Teenspeak: unique to Americans

This is exactly how I feel when I use it. I tend to be rather anal about getting the exact phrasing right when I’m quoting someone. And unlike print, it’s a bit harder to convey that sentiment. It’s the difference between

Jane said Tom is a jerk.
and
Jane said, “Tom is a jerk.”

So I may use “like” in the first instance, to show that it wasn’t an exact quote from Jane.

And the computer went “beepbeepbeepbeepbeepbeepbeep” and I was like, “Unnngh?!”

I learned in French class about their teenspeak. Certain words are pretty much spoken backwards. The adults have a hard time understanding.
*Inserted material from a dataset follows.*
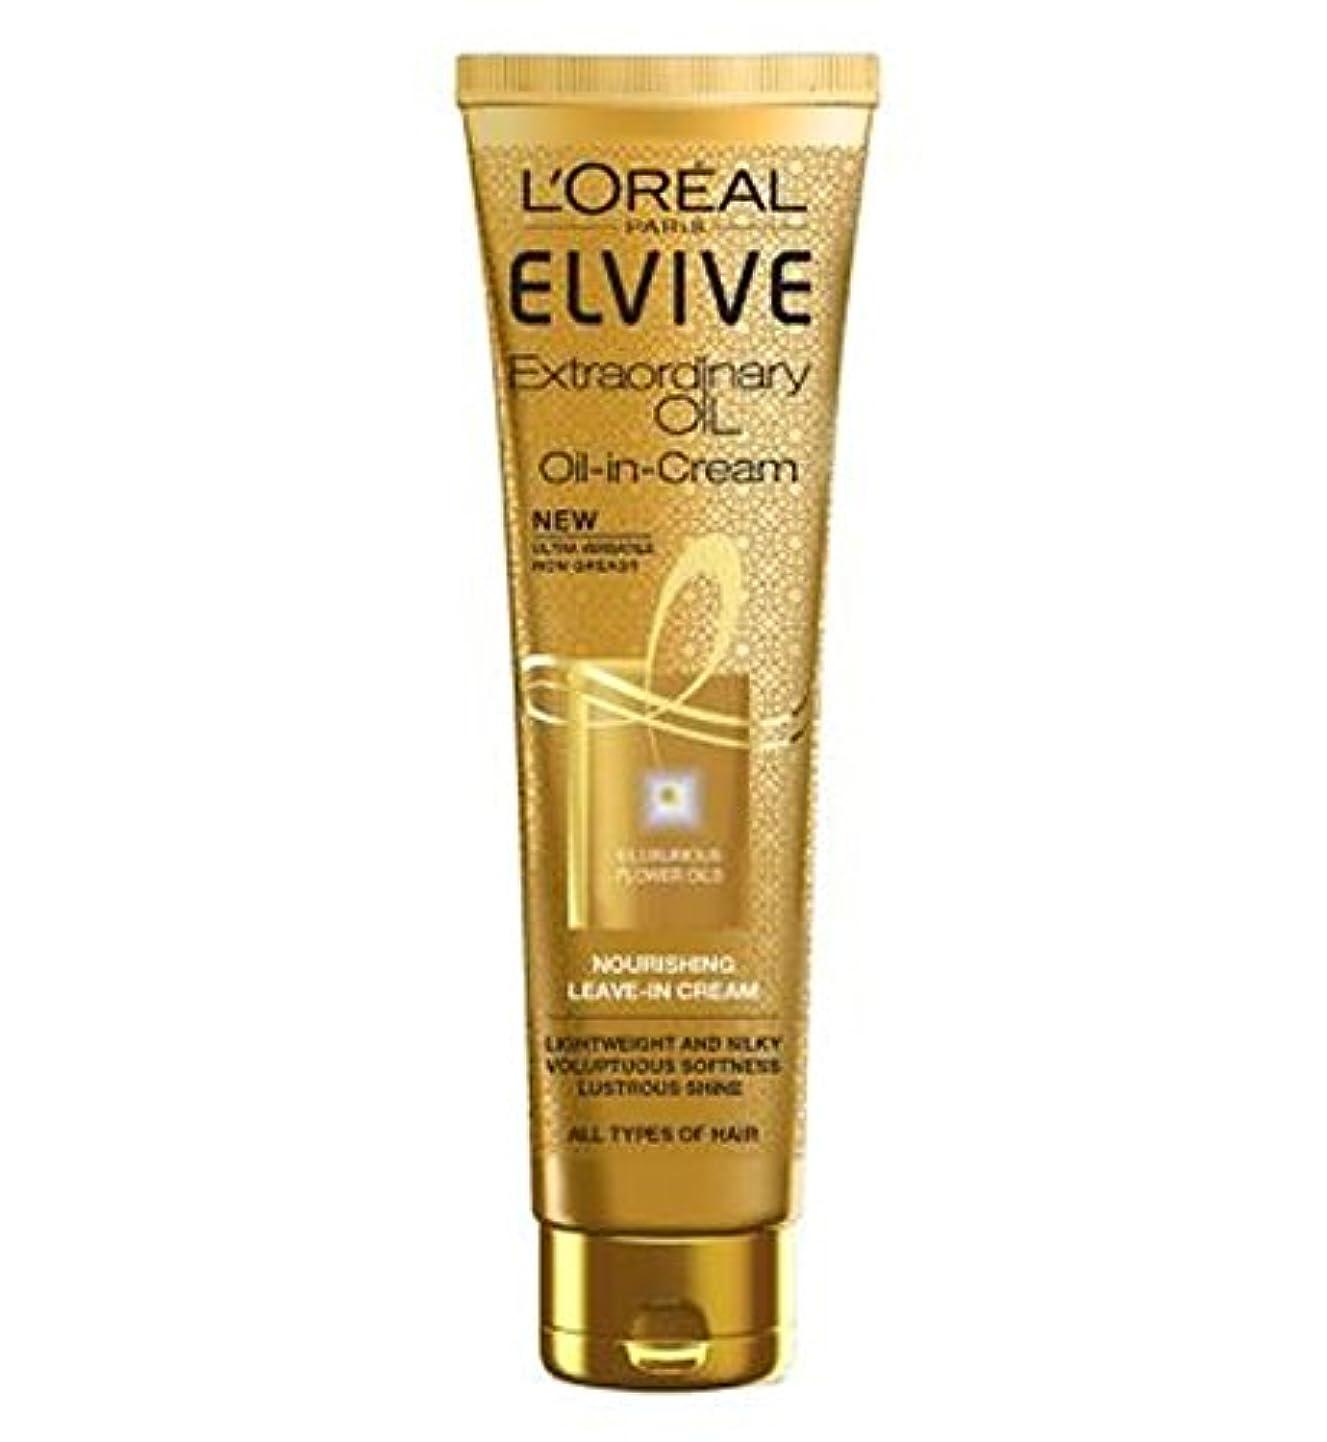 富豪とげほうきすべての髪のタイプのクリームでロレアルパリElvive臨時オイル (L'Oreal) (x2) - L'Oreal Paris Elvive Extraordinary Oil in Cream All Hair Types...

Well, as a native of the actual Valley of which the Valley Girl is native (w00t San Fernando) I’m quite amused by the idea of teenspeak. Of course when I’m with my friends we all talk val. Of course! How could we not! And I find that when I come home from their houses I have to really work to get out of the accent. “Like ohhhhhmigod it was totally amusing…” I trail off at the end of sentences and soften all my vowels into a sort of generic (thing that is written as an upside down e phonetically; I don’t remember what it’s called). Of course, I think that students develop dialects of their own. I come from a small high school program and find that we develop words and references that I hear nowhere else. It’s an unconscious exclusion thing–we like to feel as though we’re part of a group so we have special linguistic rules that only we use.

I see this also among subsets of grown-up society. Computer nerds? Helloooo? And I love reading fliers for youth events of the '60s…they had so much fun slang.

I hope to lose the val thing completely when I go off to college, though. It’s really embarrassing to be caught off my guard and say something totally vacuous like, “Shut. up. omigod.”

BTW, the “he’s all” usage being discussed? I saw that as early as '92. But, then, I’m from the Valley.